M. L. : C’est vrai, la salle d’orchestre se prête très bien à l’exercice. Elle est très saine, tous les équilibres instrumentaux sont là. La profondeur, même si elle manque un peu de réverbération - le son est un peu mat - on n’est pas dans des pièces comme à Abbey Road ou Air Studio où il y a peut-être plus d’enveloppement. Mais en revanche, en cabine, du fait ce cet équilibrage à la source, cela permet un traitement propre qui s’adapte très bien, avec des réverbérations accordées à la salle de musique.

C. : La musique de films est-elle une vocation ?

M. L. : Je ne me suis jamais dit que j’allais composer pour le cinéma. J’ai toujours voulu composer, et pas forcément spécifiquement pour l’image. Mais ce que j’aime, c’est avoir une inspiration, un élan extérieur qui donne des idées.

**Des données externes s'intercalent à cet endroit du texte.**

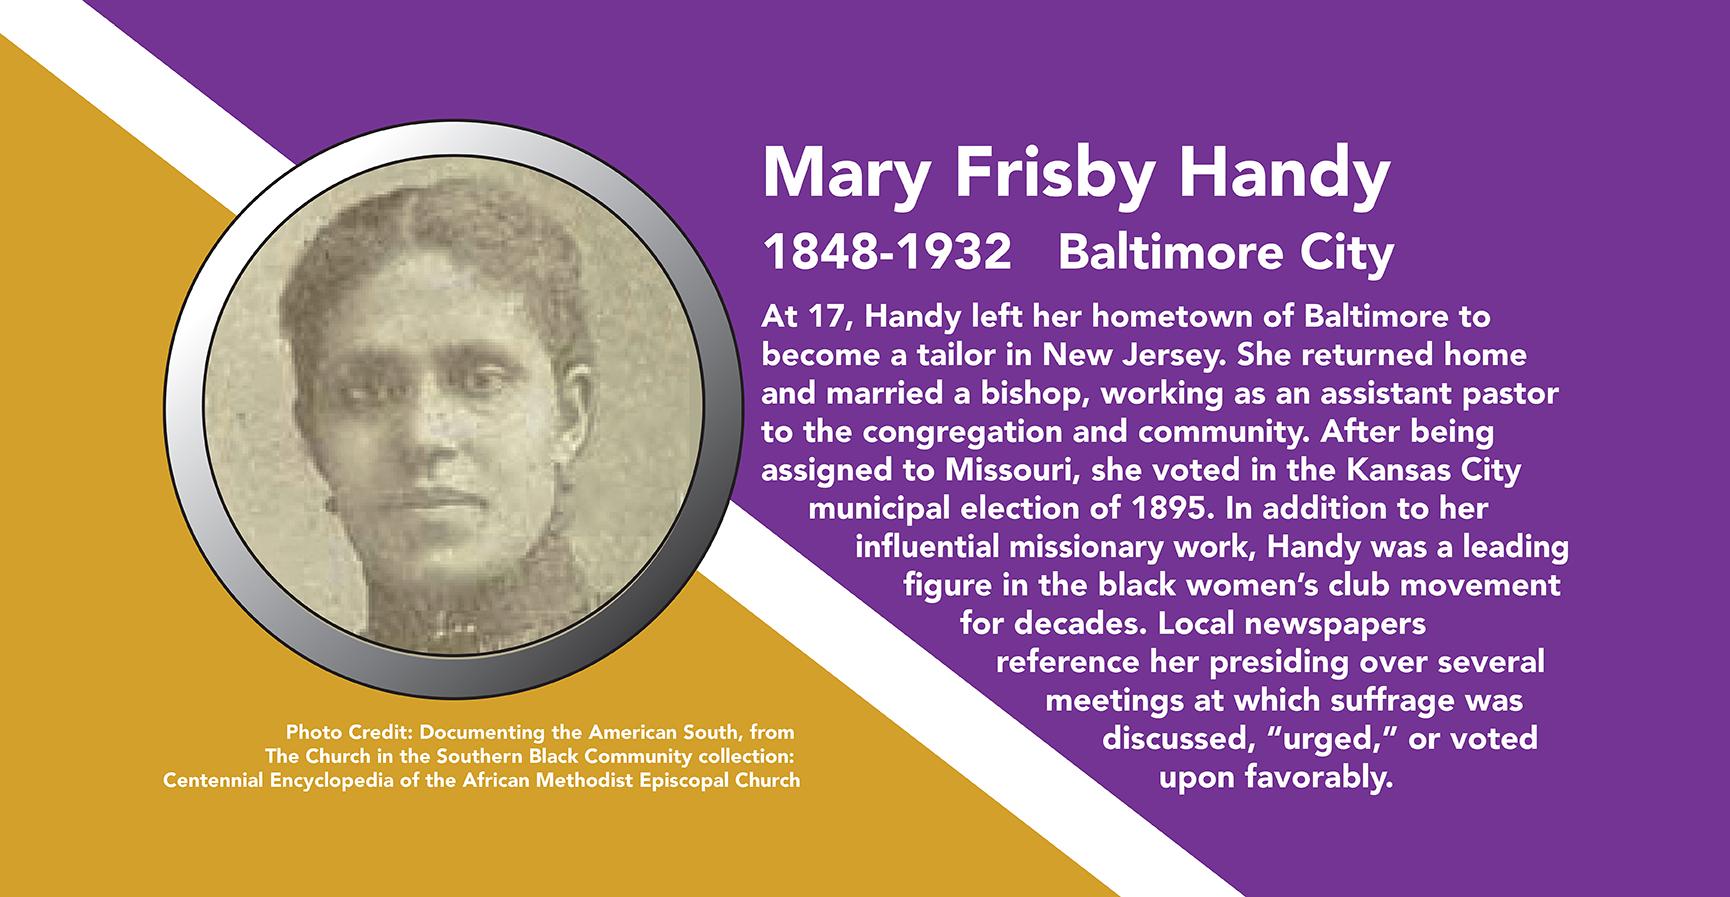 MaryFrisbyHandy

Cela peut être un texte, une pièce de théâtre, un scénario… donc, un film peut provoquer cette inspiration. Ecrivant maintenant depuis quelques années pour le cinéma, j’adore cela, car on découvre une histoire, des images, et on part dans des univers totalement différents en fonction des films, tout en essayant d’y apporter sa touche personnelle.
Les contrebasses de l'Orchesttre national d'Ile-de-France
 (Jacky Bornet / Culturebox)
Ce que j’aime, c’est raconter une histoire avec la musique. Et c’est particulièrement le cas dans "Minuscule", puisqu’il n’y a pas de dialogues, la narration passe pour beaucoup par la musique. Elle est omniprésente, on doit raconter quelque chose. Plus que dans certains films, où on ponctue, où on appuie un peu l’émotion. Dans "Minuscule", j’ai des plages musicales très longues, ce qui me permet de développer des compositions complexes, plus qu’ailleurs, notamment dans les comédies que j’ai pu faire, où on nous demande de faire des virgules de quelques secondes, ou des choses plus resserrées. C’est un autre exercice, intéressant aussi, mais c’est autre chose.